Install open-source libraries

As a data analyst, data engineer, or data scientist, you can use your preferred open-source libraries to explore and process data. Azure Databricks allows you to install Python libraries such as Pandas, NumPy, or Scikit-learn for additional data analysis capabilities.

Use MLlib for machine learning workloads

You can train machine learning models to help you explore and process your data. With Spark's MLlib, you make optimal use of the distributed compute clusters that are attached to your notebooks. With the MLlib library, you can apply machine learning techniques like clustering, regression, and classification, helping you to uncover hidden and complex patterns in your data.

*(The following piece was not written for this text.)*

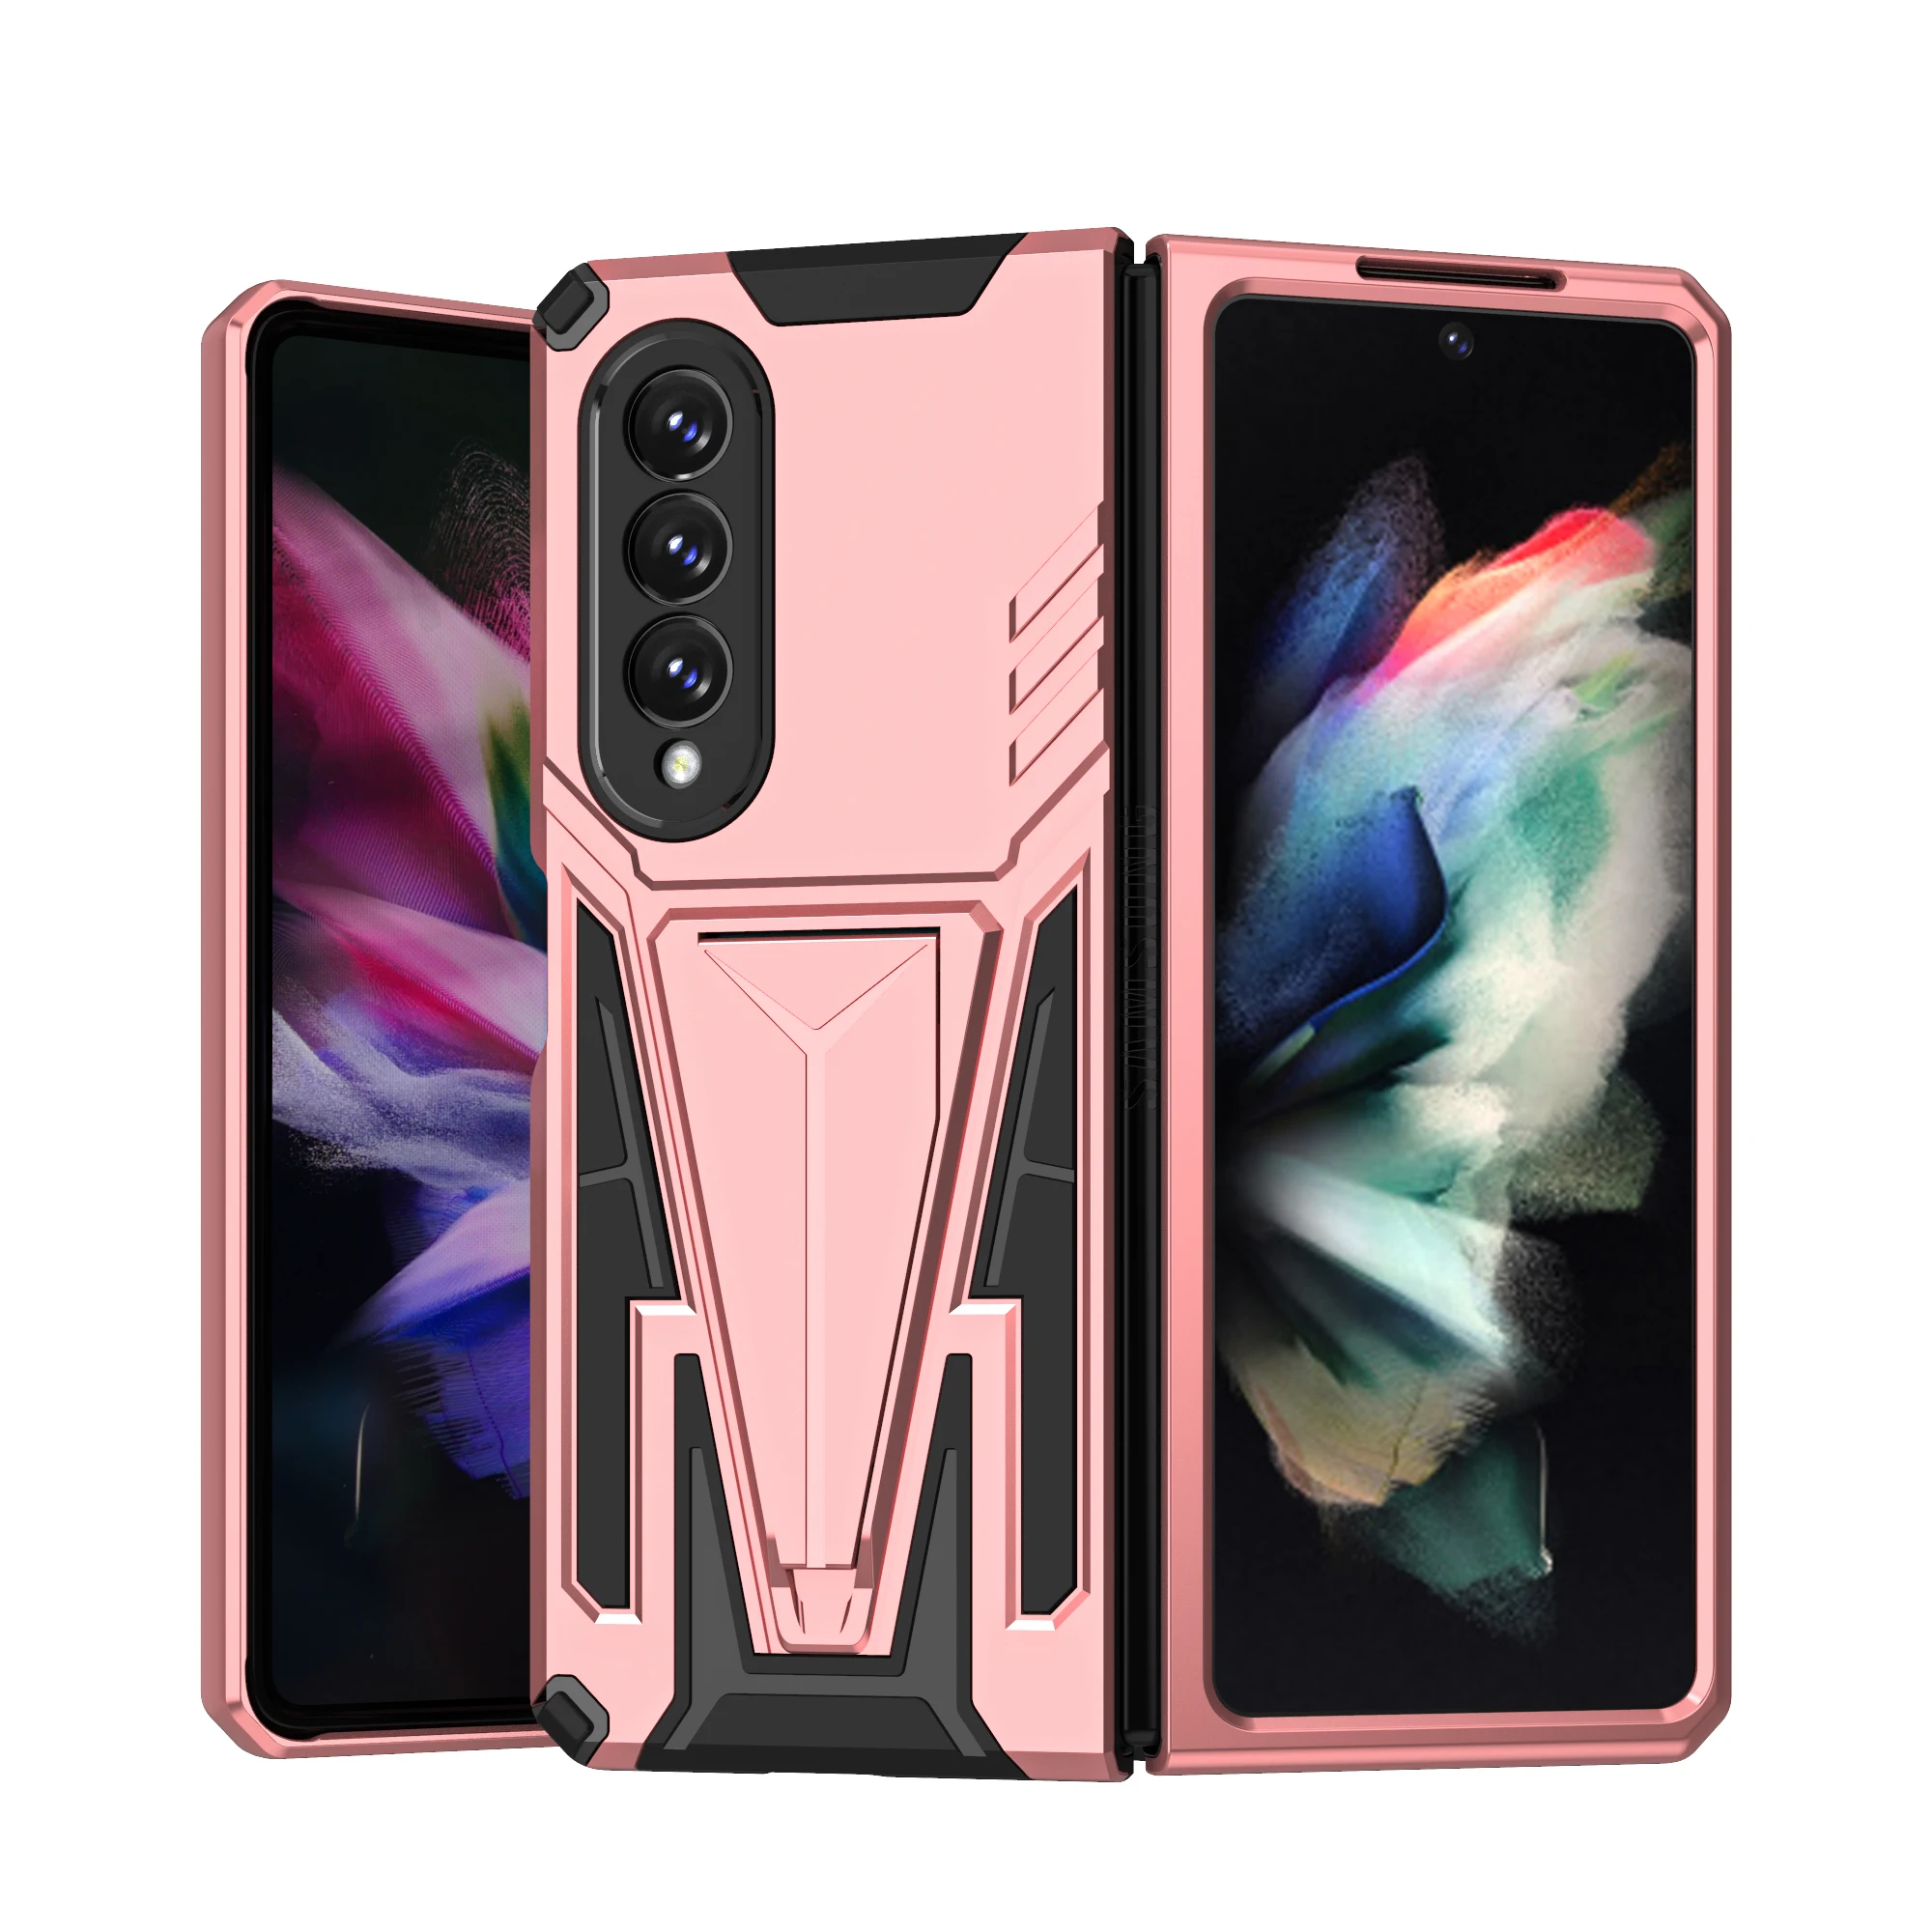 kawaii phone cases samsung Shockproof Magnetic Armor Case for Samsung Galaxy Z Fold3 5G Fold 3 Anti-Slip Cell Phone Cover Fundas cute samsung phone case Cases For Samsung

Visualize data with external visualization tools

Besides built-in chart options, Azure Databricks integrates with external visualization tools like Tableau or Power BI through data visualization APIs for enhanced dashboarding capabilities.

Tip

For more information about working with libraries in Azure Databricks, see Libraries.

Manage your compute clusters

When you want to run code in notebooks, you have to attach a notebook to a compute cluster to access the necessary processing power.

Screenshot of Azure Databricks cluster.

There are two benefits to managing your compute clusters in Azure Databricks:

  • Auto-scaling clusters: You can automatically scale your computational resources depending on the workload, which helps in optimizing costs and performance during the exploration phase.
  • Managed clusters: You can simplify your cluster management as Azure Databricks manages the configuration, setup, and maintenance.

Tip

For more information about how to manage clusters in Azure Databricks, see Manage compute.

These tools make Azure Databricks a flexible platform for data exploration, handling everything from basic data cleaning to advanced machine learning projects.